Dragonfly vs Hostaleaf
Both from Behr's palette. Both sit in the blue-grey family, which is useful context if you're narrowing within a single hue direction. Dragonfly (LRV 26) reflects noticeably more light than Hostaleaf (LRV 9), a difference of 17 points that becomes especially apparent in rooms with limited natural light. Dragonfly runs blue while Hostaleaf is decidedly green and blue, which means they'll respond very differently to warm vs cool light sources. With a ΔE of NaN, the contrast is hard to miss. These aren't variations on a theme — they're two different answers to the same question. Below you'll find 1 real-room photo comparison where both colors appear side by side, plus 5 simulated room previews.

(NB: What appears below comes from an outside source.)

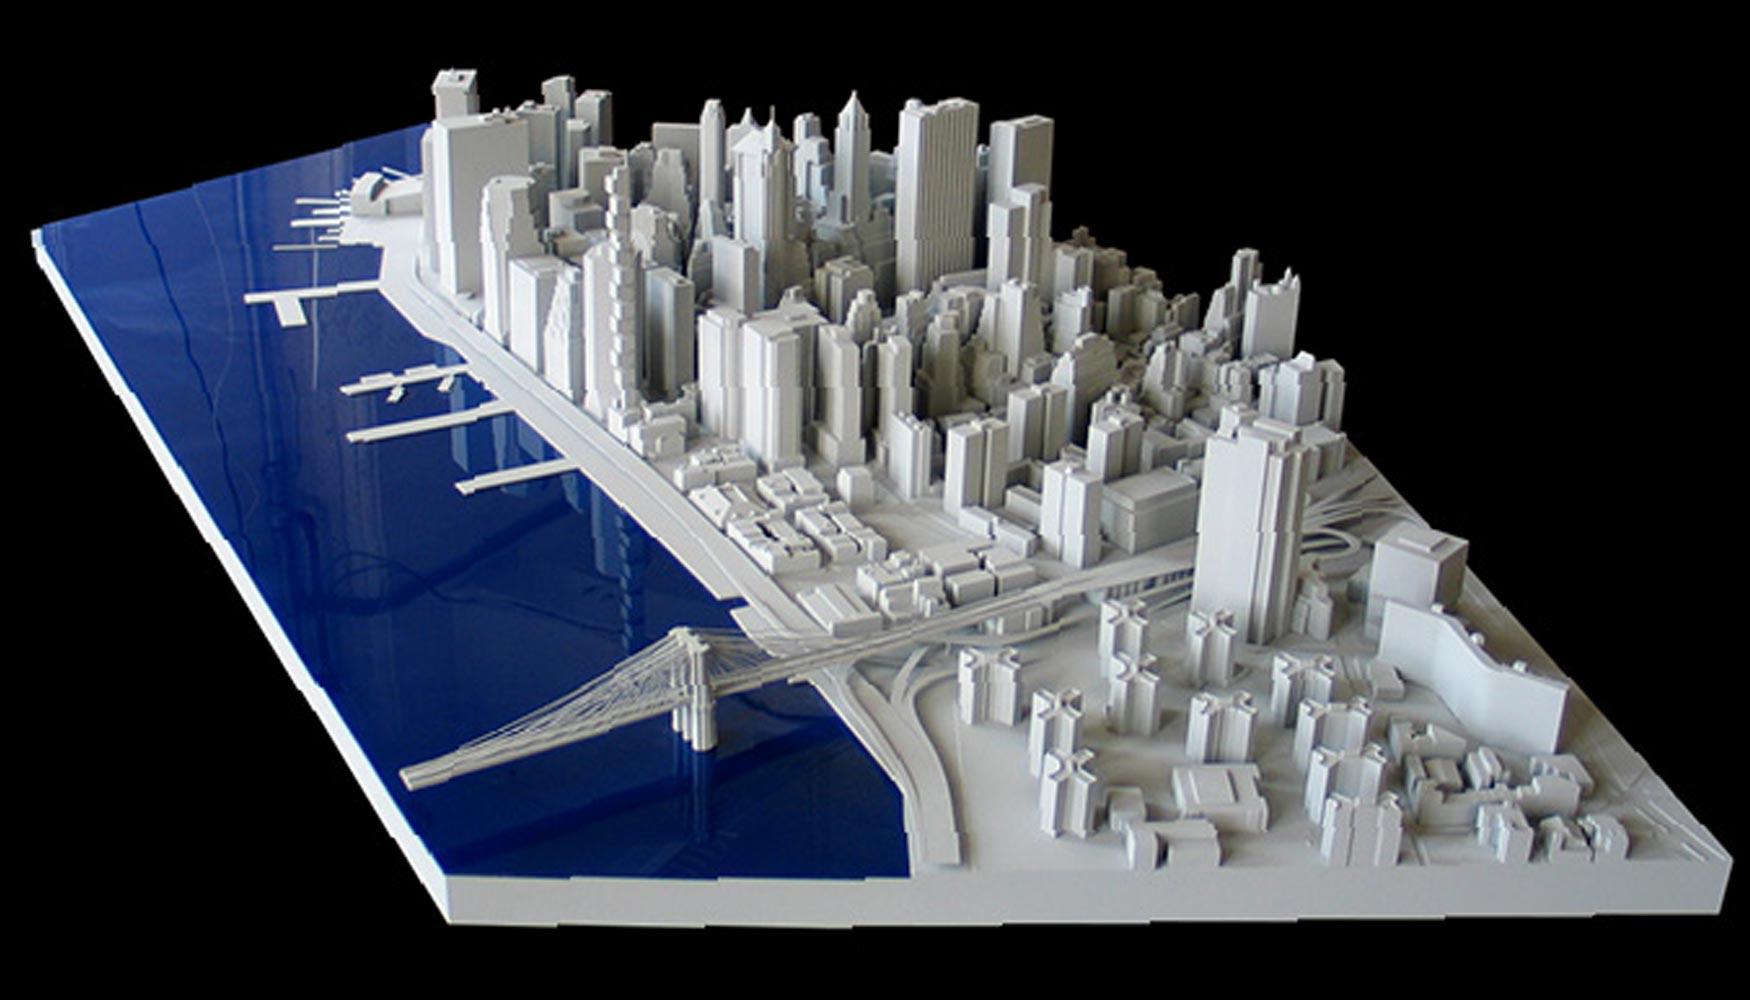 arquitectura e impresi n 3d construcci n

Dragonfly vs Hostaleaf in Real Spaces
1 real room side by side. Seeing Dragonfly and Hostaleaf in actual rooms makes the difference concrete; browse the spaces below to get a feel for how each color lives on a wall.
Color Details
Dragonfly vs Hostaleaf Simulated Comparison
5 simulated room previews — drag the slider on each to see Dragonfly on one side and Hostaleaf on the other.
Digital color is approximate. These simulations are generated from the manufacturer's hex values and overlaid on grayscale room photos — your screen's calibration, brightness, and viewing angle all affect how they render. Before committing to either color, test physical samples in your own space under the light you actually live with.
More Dragonfly comparisons
See how Dragonfly stacks up against other well-photographed colors across different brands and tones.